Can We Run Experiments on History with AI?

An experimental history project helps clarify the promise and the danger of treating AI as a laboratory for the past.

March 4, 2026

This post is part of a series drawn from my ethnographic research on how AI systems are being taken up in scientific practice. My aim is more descriptive than evaluative: to document how scientists decide what to trust and what to consider “good enough” as new tools become part of the routine of doing science. These posts stay close to the scenes where such judgments are made: lab meetings and draft manuscripts, tool demos and troubleshooting sessions, arguments over validation, and small acts of verification that rarely make it into published accounts. If you come to this series with suspicion about the usefulness of AI, you are not alone. If you come with enthusiasm that these tools will inevitably transform science for the better, you are not alone either. I’m not asking you to suspend your critical faculties. I’m asking you to treat this series as an experiment in attention to practice: to watch how AI becomes ordinary in research, how standards of evidence and “good enough” judgment get renegotiated in the process, and what kinds of authority, responsibility, and constraint travel with these systems as they move from novelty to infrastructure.

Imagine being able to gently perturb literary history: delay a landmark novel by ten years, remove a major prize, or introduce a new genre or auteurial style a bit earlier, and then watch how the ecosystem of fiction reorganizes around that change.

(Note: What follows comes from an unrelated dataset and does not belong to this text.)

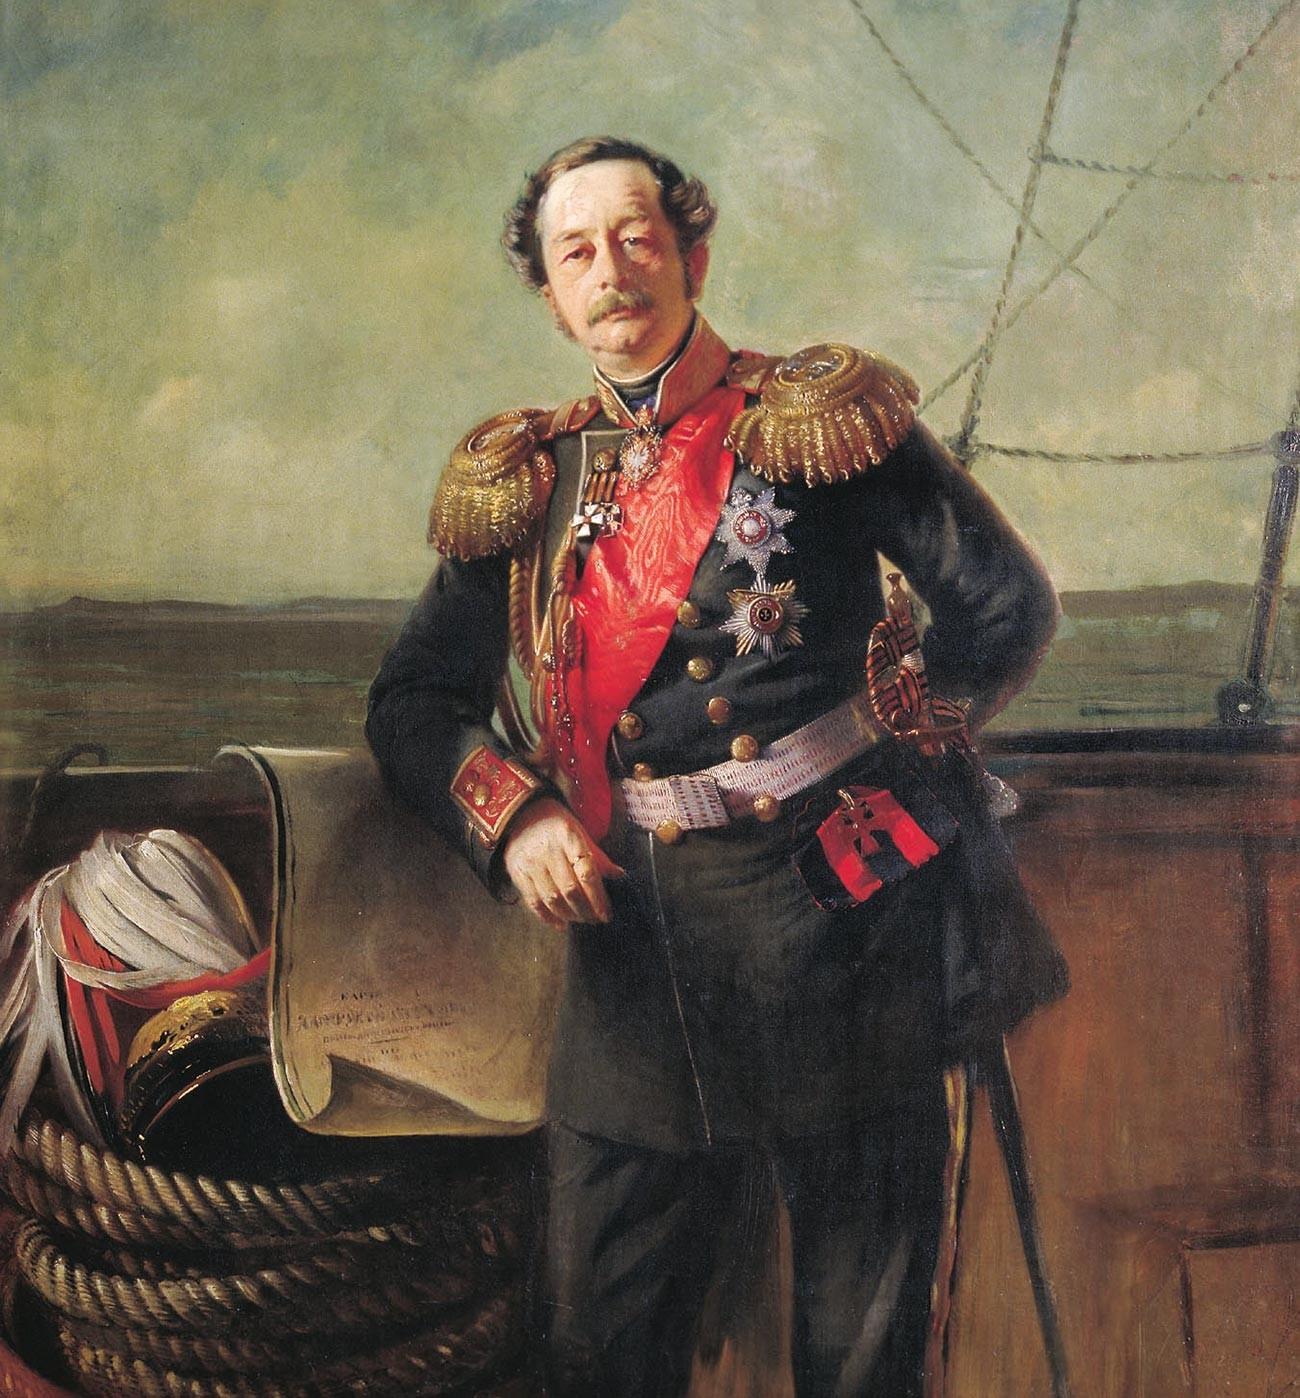 Portrait of the Count Nikolay Muravyov-Amursky.

That is the animating question behind a current project that looks at using large language models as a kind of laboratory for “experimental history” in contemporary literature. The project, being conducted by a digital humanities scholar who I’m calling Andrew, puts a familiar scientific impulse into an unfamiliar setting: treating models as spaces where counterfactuals can be staged and inspected. Rooted in his digital humanities training, Andrew has recently been drawn to a provocation: how would literary history change if a landmark book did not exist at all, and can we even ask that question in a disciplined way?

By “experimental history” here, he does not mean speculative fiction or playful alternate timelines. The aim is more austere and methodological. Can we build models that behave in ways that are recognizably constrained by a particular historical moment, and then use those models to ask structured “what if” questions about how literary worlds evolve? The project sits at the edge of both digital humanities and AI research, and it exposes some surprisingly basic problems in how today’s AI models understand time.

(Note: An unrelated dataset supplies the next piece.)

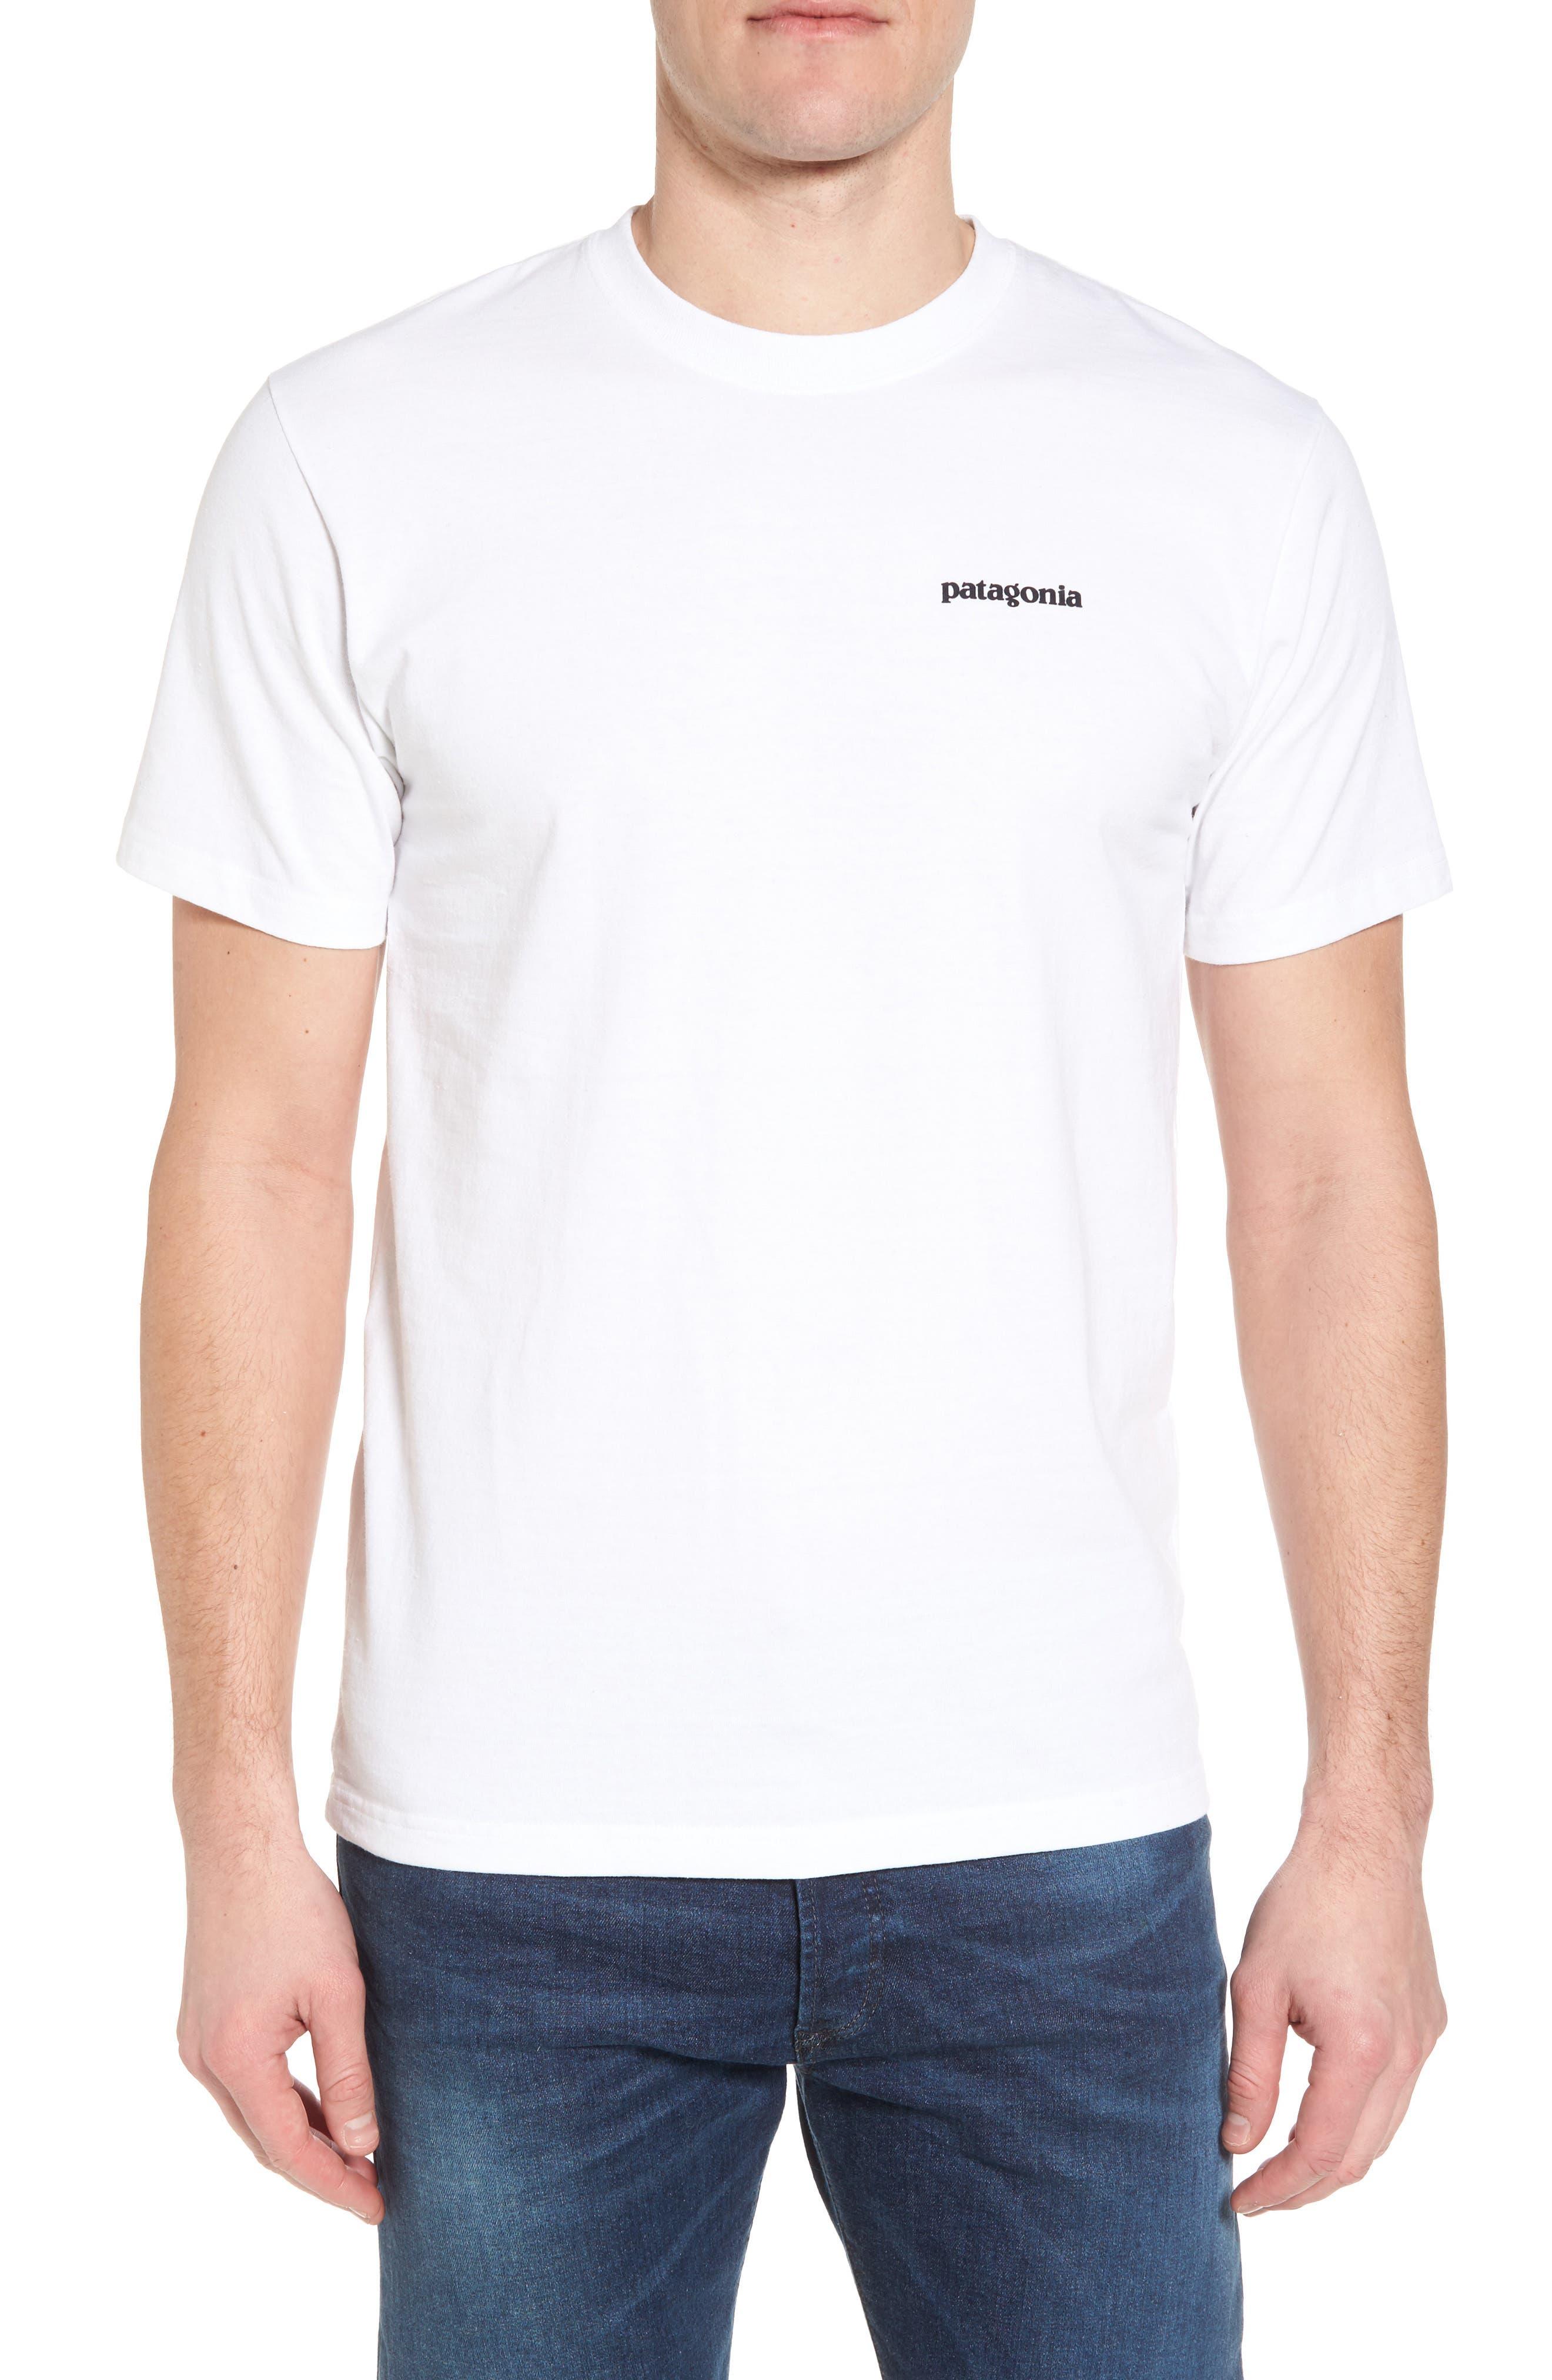 Patagonia Responsibili-Tee T-Shirt, White

Andrew starts from a comparatively tractable piece of the literary field: prize-nominated contemporary fiction. Prizes provide a visible, if imperfect, signal of value. They create a small, curated set of novels that critics and juries have already agreed to “stand for” something about their moment. Using this corpus, Andrew constructs a kind of map of contemporary fiction, where books cluster together or diverge based on style, genre, voice, and theme. As implemented, this “map” depends on a technical routine of representing texts in a way a system can compare and then clustering them to produce neighborhoods of resemblance that track with familiar differences in genre and style. The first technical question is empirical: can a model, with enough scaffolding, generate first chapters that land in roughly the same part of that map?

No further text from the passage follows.